Lebanese authorities issued an arrest warrant for the son of late Libyan dictator Moammar Qaddafi Monday, days after militants kidnapped and released him.

Prosecutors accuse Hannibal Qaddafi of hiding information related to the disappearance of a top Lebanese Shiite cleric in Libya 37 years ago.

Judge Zaher Hamadeh issued the warrant after questioning Qaddafi Monday at the main courthouse, known locally as the Justice Palace. Hamadeh had asked that Qaddafi be brought in for questioning on whether he has information related to the case of Imam Moussa al-Sadr.

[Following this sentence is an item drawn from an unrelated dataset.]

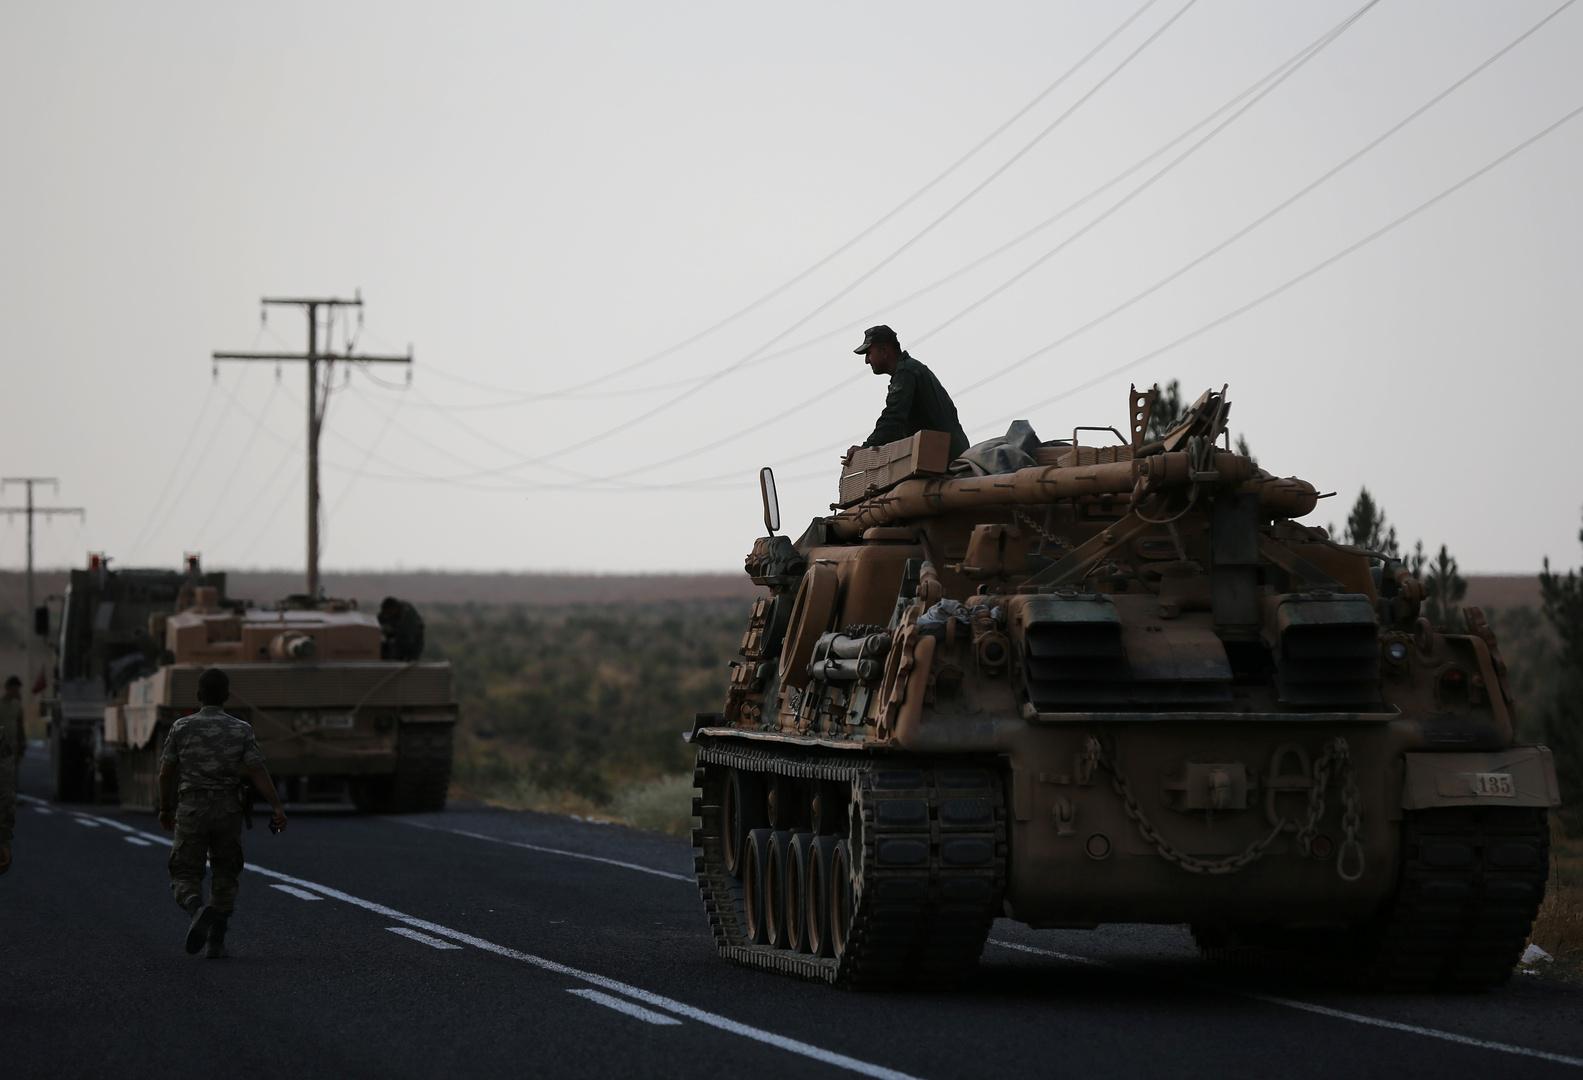 الجيش التركي يواصل تعزيز مواقعه شمالي سوريا بعد مقتل جنديين بهجوم شنته مجموعات متطرفة

Al-Sadr and two companions went missing in 1978 during an official visit to Libya at the invitation of Moammar Qaddafi. Lebanon has blamed Moammar Qaddafi for his disappearance, and relations between the two countries have been tense over the case ever since.

Hannibal Qaddafi, who was three in 1978, was briefly kidnapped by Shiite militants in Lebanon before they handed him over to police late Friday. He appeared in a video aired late Friday on local Al-Jadeed TV saying anyone with information about al-Sadr should come forward. He appeared to have been beaten.

Al-Sadr's family has filed a lawsuit against Hannibal Qaddafi, accusing him of hiding information. The family believes he may still be alive in a Libyan prison, though most Lebanese presume al-Sadr is dead. Libya has maintained that the cleric and his two traveling companions left Tripoli in 1978 on a flight to Rome and suggested he was a victim of a power struggle among Shiites.

Al-Sadr was the founder of Amal, a Shiite political and military group that took part in the long Lebanese civil war that began in 1975, largely pitting Muslims against Christians.

Hannibal Qaddafi, who is married to a Lebanese woman, was arrested in 2008 for allegedly beating up two servants in a Geneva luxury hotel, sparking a diplomatic spat that dragged on for months. In 2005, a French court convicted him of striking a pregnant companion in a Paris hotel. He was given a four-month suspended prison sentence and a small fine.

He fled to Algeria after Tripoli fell, along with his mother and several other relatives. Media reports said he then moved to Syria, where he had been living until he came to Lebanon.

He is wanted by Interpol for crimes related to the autocratic rule of his father, who was killed by opposition fighters in 2011 following the uprising in Libya, ending his four-decade rule of the north African country.